Solved – LOOCV in Caret package ( randomForest example) – not unique results

caretcross-validationrrandom forest

I pose you my doubts:
For what I know there is only a single way to perform a LOOCV for a model (i.e. testing each one of the N elements vs the model trained with the other N-1 elements).

Namely, this should be a LOOCV AUC:

library('randomForest')
library('pROC') #for ROC curve

irisData <- iris[1:60,]
irisData$Species <- as.factor(as.character(irisData$Species))

predictions <- 1:60

for (k in 1:60){ predictions[k] <- predict(randomForest(Species ~ Sepal.Length , data = irisData[-k,], mtry=1),type="prob", newdata = irisData[k,,drop=F])[2] }
auc(irisData$Species,predictions,direction="<", levels = levels(irisData$Species))

Area under the curve: 0.776

Repeating the code i always obtain the same value.
By using caret, i obtain

library('caret')

fitControl <- trainControl(
  method = 'LOOCV',                # k-fold cross validation 'cv'
  number = 1,                     # number of folds
  savePredictions = 'final',       # saves predictions for optimal tuning parameter
  classProbs = T ,                 # should class probabilities be returned
  summaryFunction=twoClassSummary  # results summary function
) 

train(Species ~ Sepal.Length, data=irisData ,method='rf',   tuneGrid=data.frame(mtry=1)  ,trControl = fitControl)

With AUC values between 0.770 and 0.780.

I tried to change number to 60 but the result is the same.

Where is the issue?

Best.

Best Answer

Yes, for randomForest you need to set the seed, you can see below:

library('randomForest')
library('pROC') 

irisData <- iris[1:60,]
irisData$Species <- as.factor(as.character(irisData$Species))

predictions <- 1:60

for (k in 1:60){
set.seed(1) 
predictions[k] <- predict(randomForest(Species ~ Sepal.Length , 
data = irisData[-k,], mtry=1),type="prob", 
newdata = irisData[k,,drop=F])[2] 
}
auc(irisData$Species,predictions,direction="<", 
levels = levels(irisData$Species))

Area under the curve: 0.776

For caret, you need a list of seed integers the length of your resampling, and the last one is the seed used for prediction on final model.
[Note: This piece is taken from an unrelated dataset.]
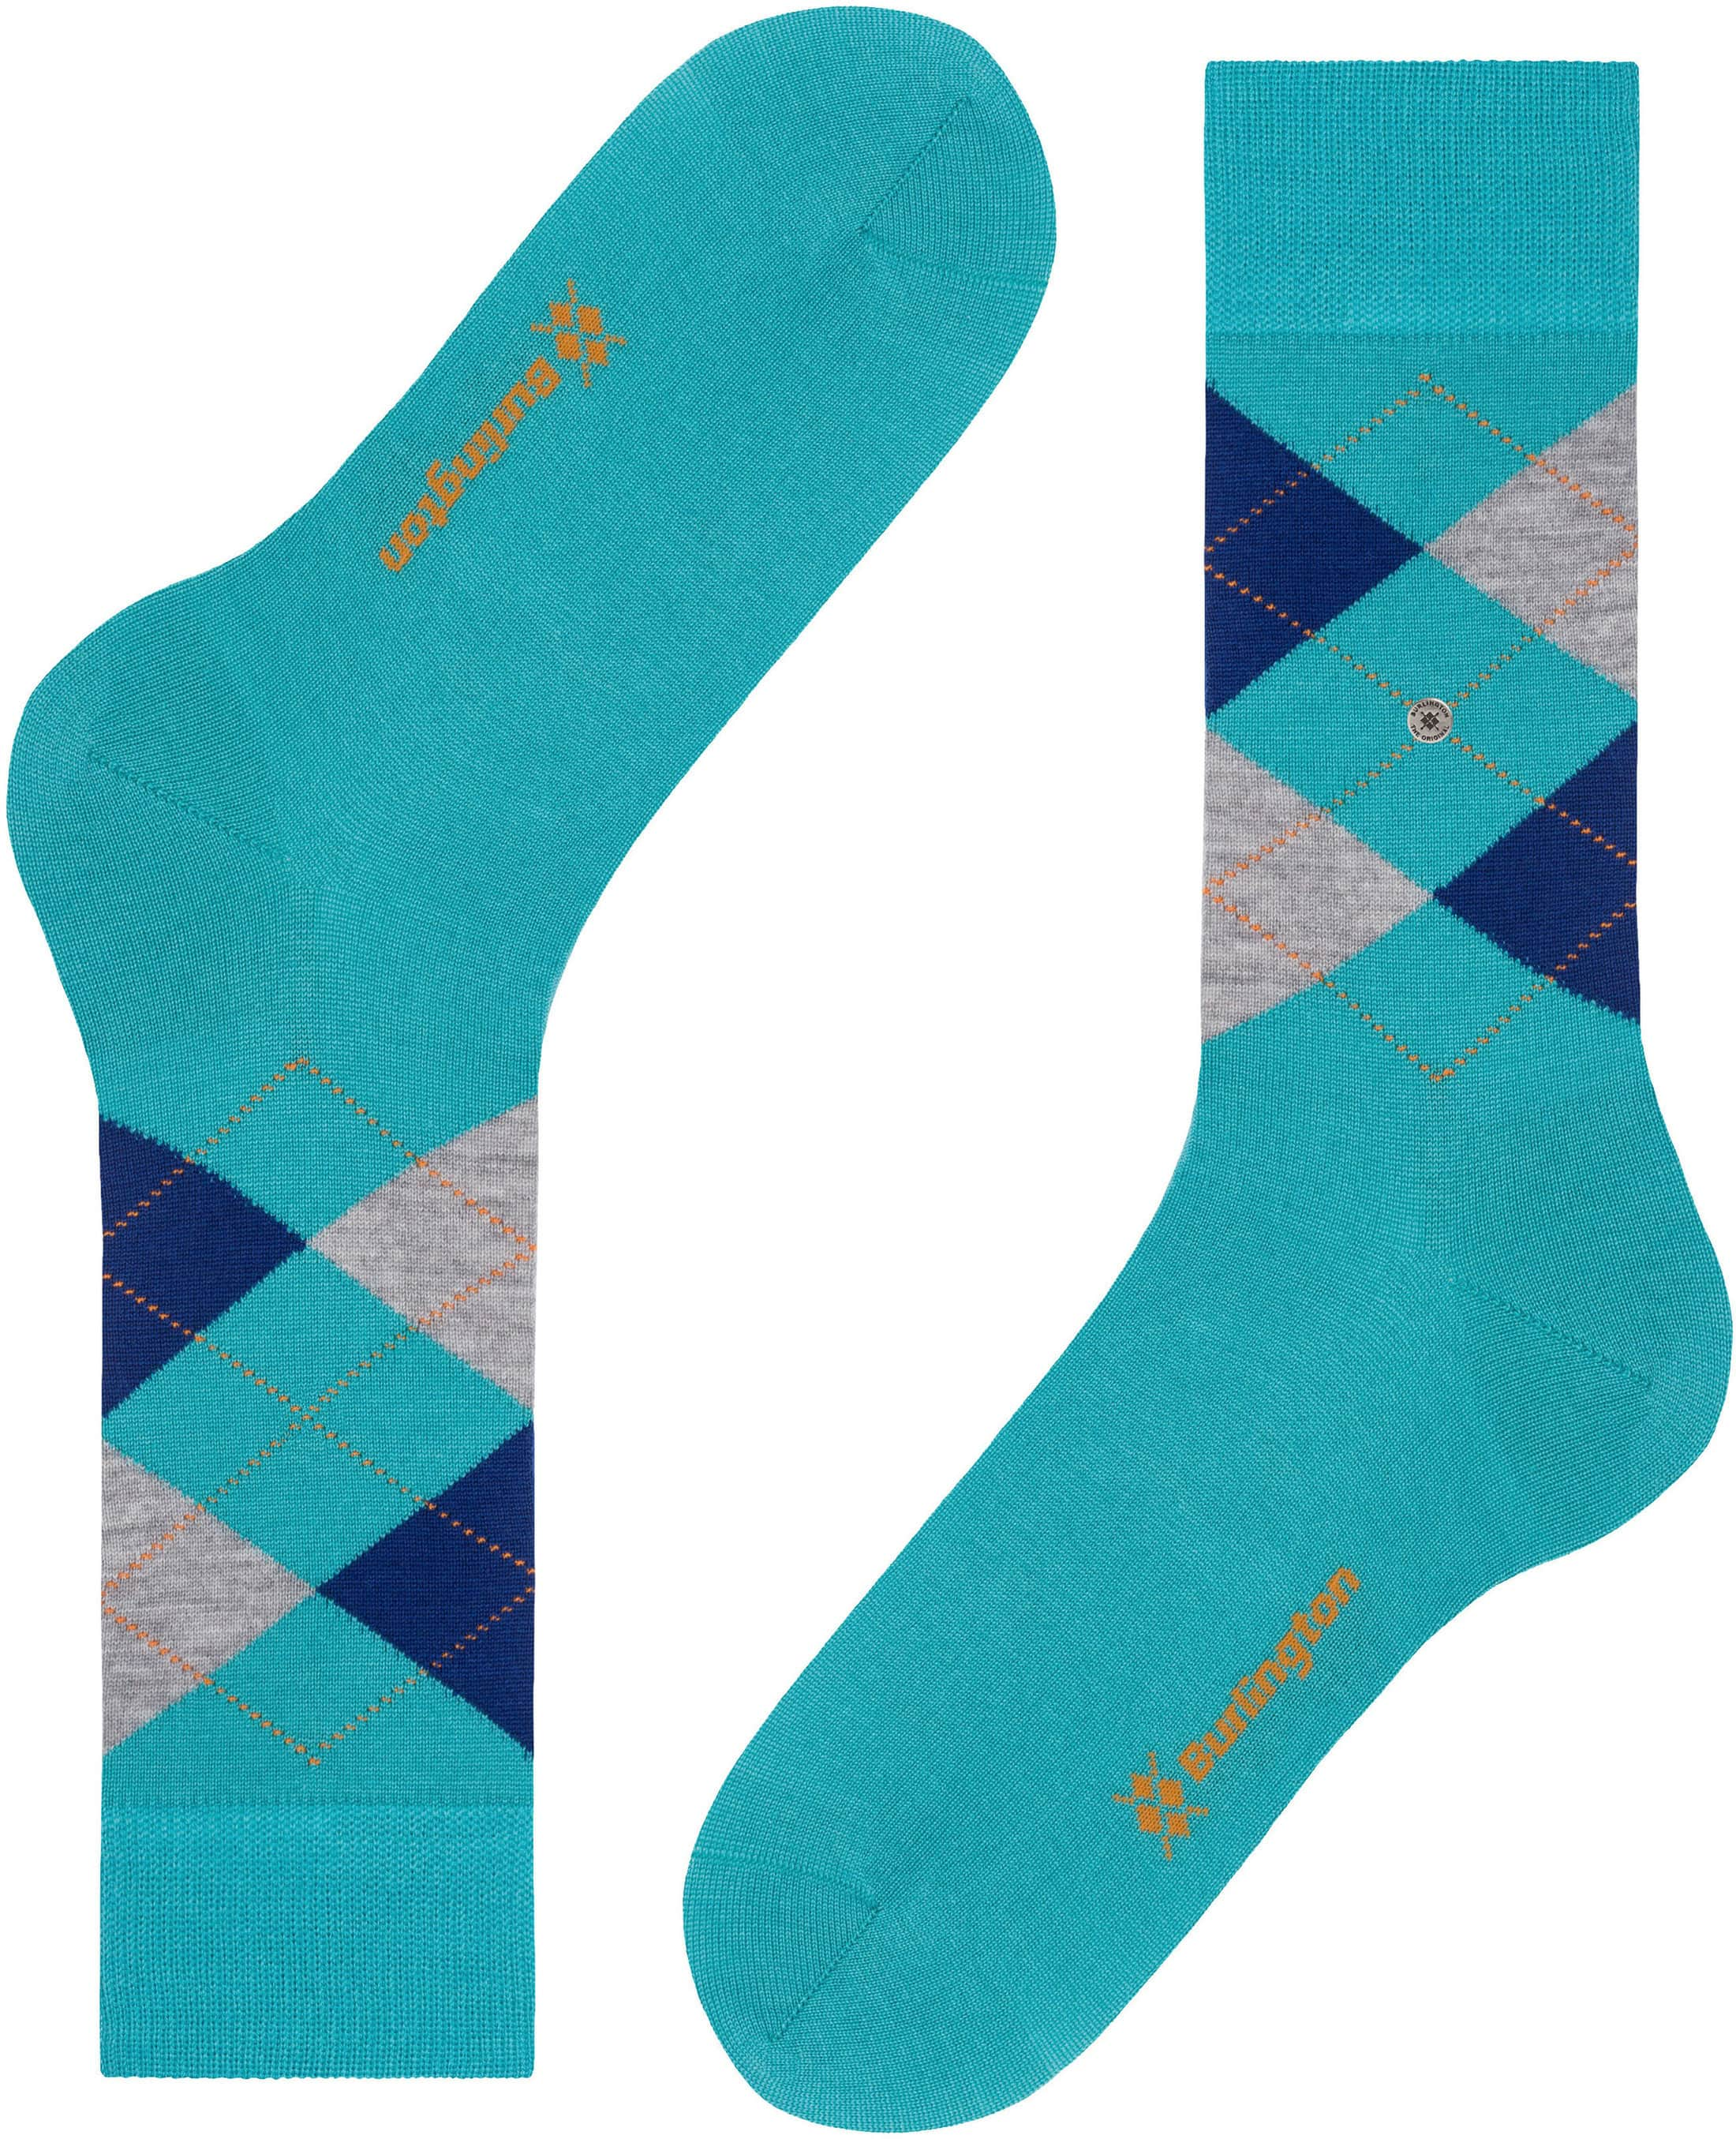 Burlington Socks Edinburgh 7332 foto 4

So that makes a list of 61, all 1s, similar to above:

library('caret')

fitControl <- trainControl(
  method = 'LOOCV',                
  number = 1,                     
  savePredictions = 'final',        
  classProbs = T ,
  seed = as.list(rep(1,61)),                
  summaryFunction=twoClassSummary 
) 

train(Species ~ Sepal.Length, data=irisData ,method='rf',   
tuneGrid=data.frame(mtry=1)  ,trControl = fitControl)

60 samples
 1 predictor
 2 classes: 'setosa', 'versicolor' 

No pre-processing
Resampling: Leave-One-Out Cross-Validation 
Summary of sample sizes: 59, 59, 59, 59, 59, 59, ... 
Resampling results:

  ROC    Sens  Spec
  0.776  1     0.6